Search code examples
pytorchparametersshared

How to effectively share parameters between two Pytorch models


I want to enforce symmetry in my model like f(x,y) = f(y,x) and would like to achieve it by defining two models model1(x,y) and model2(y,x) but let them have same architecture and parameters. I could share their parameters by

for name, param1 in model1.named_parameters():
    if name in model2.state_dict() and param1.shape == model2.state_dict()[name].shape:
      model2.state_dict()[name].data = param1.data

Does it make sense to share parameters this way? Do I have to define two optimizers for each model? Does

optimizer = optim.Adam(list(model1.parameters()) + list(model2.parameters()))  # Combine parameters

make sense since the models share parameters, assuming one of my losses is

criterion(model1(x,y), model2(y,x))

I would appreciate a minimal working example supposing my models have dynamic layer configurations.


Solution

  • What is not clear in your question is whether you want symmetry on one model ("enforce symmetry in my model") or between two (implied when you introduce model1 and model2).

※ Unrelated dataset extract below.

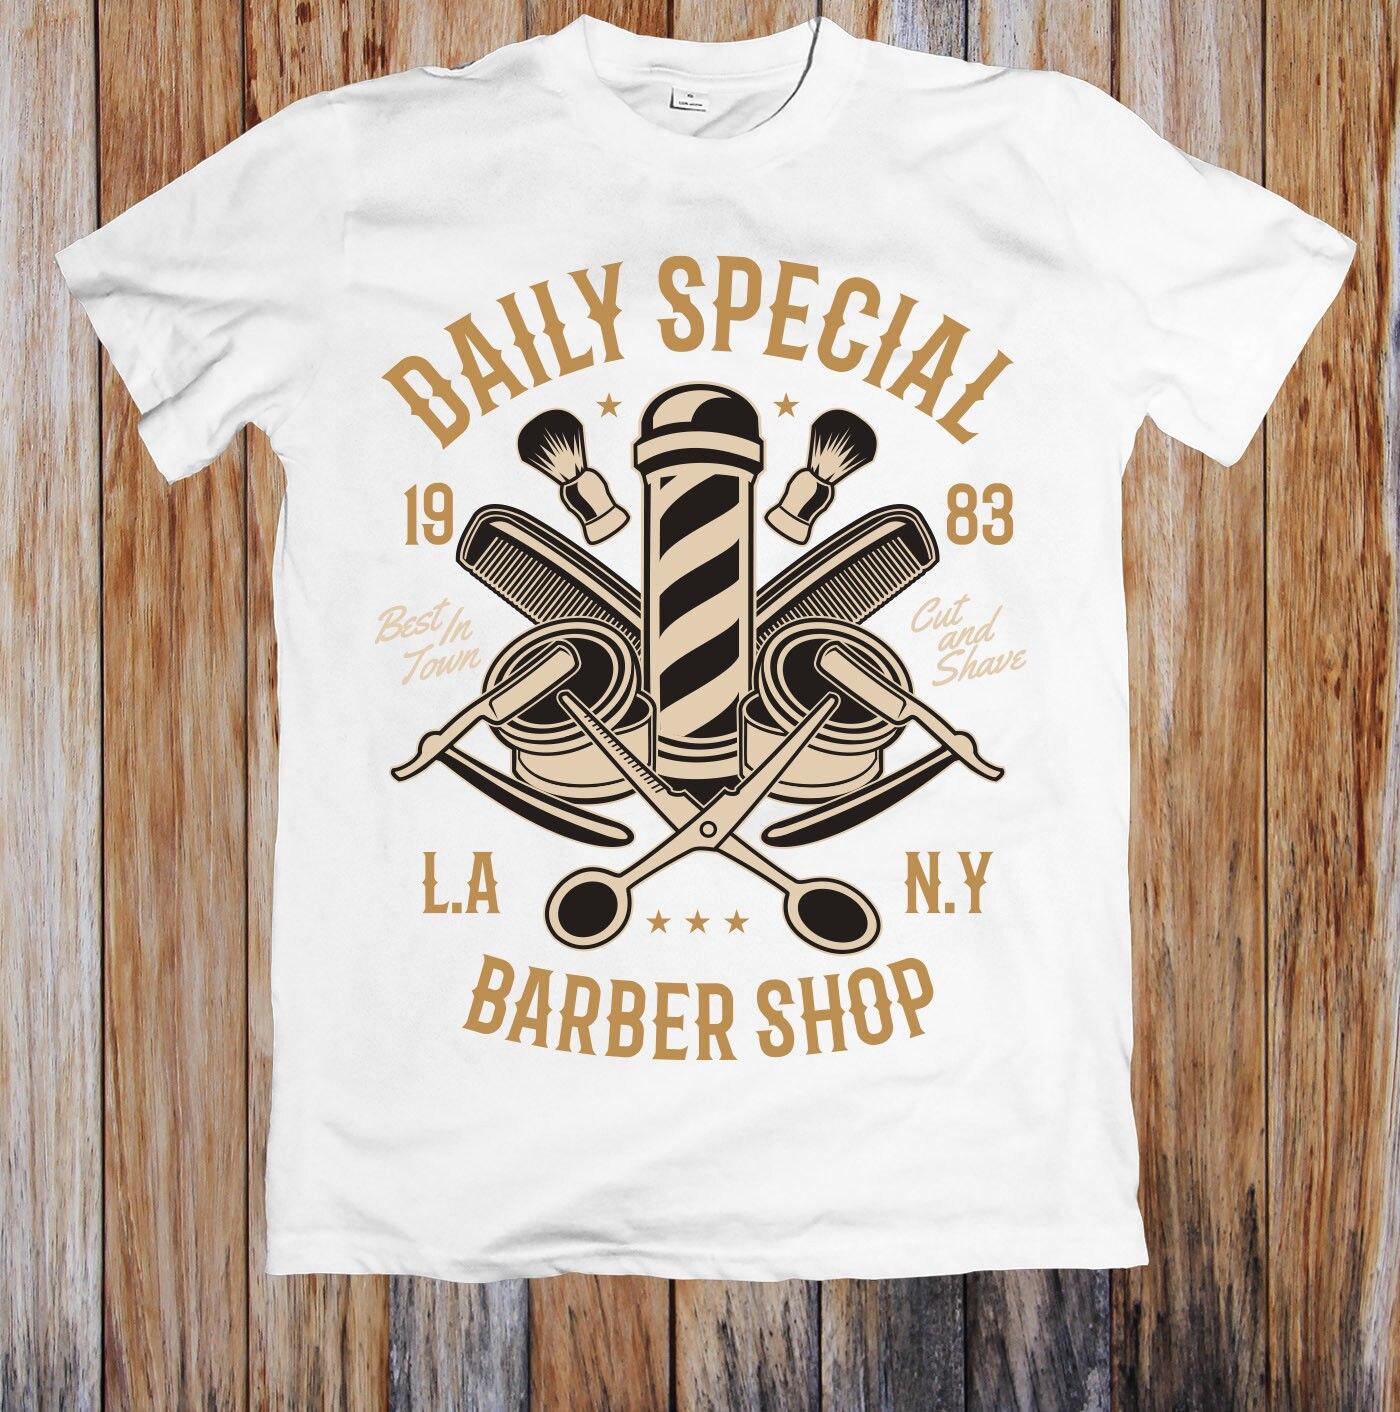 DAILY SPECIAL BARBER SHOP UNISEX T-SHIRT Cartoon Hip Hop Shirt

    If you want to enforce symmetry on a single model, you can minimize some distance between model(x,y) and model(y,x)? In that case you only require one model, and one optimizer and enforce that property on model, and not on two distinct models.

    Besides, I don't clearly see what you would get by having model1 and model2 distinct: model1 would model2 be "symmetric"... model2 defined as x,y: model1(y,x) would suffice too no? Maybe there is more to it and you indeed want two models?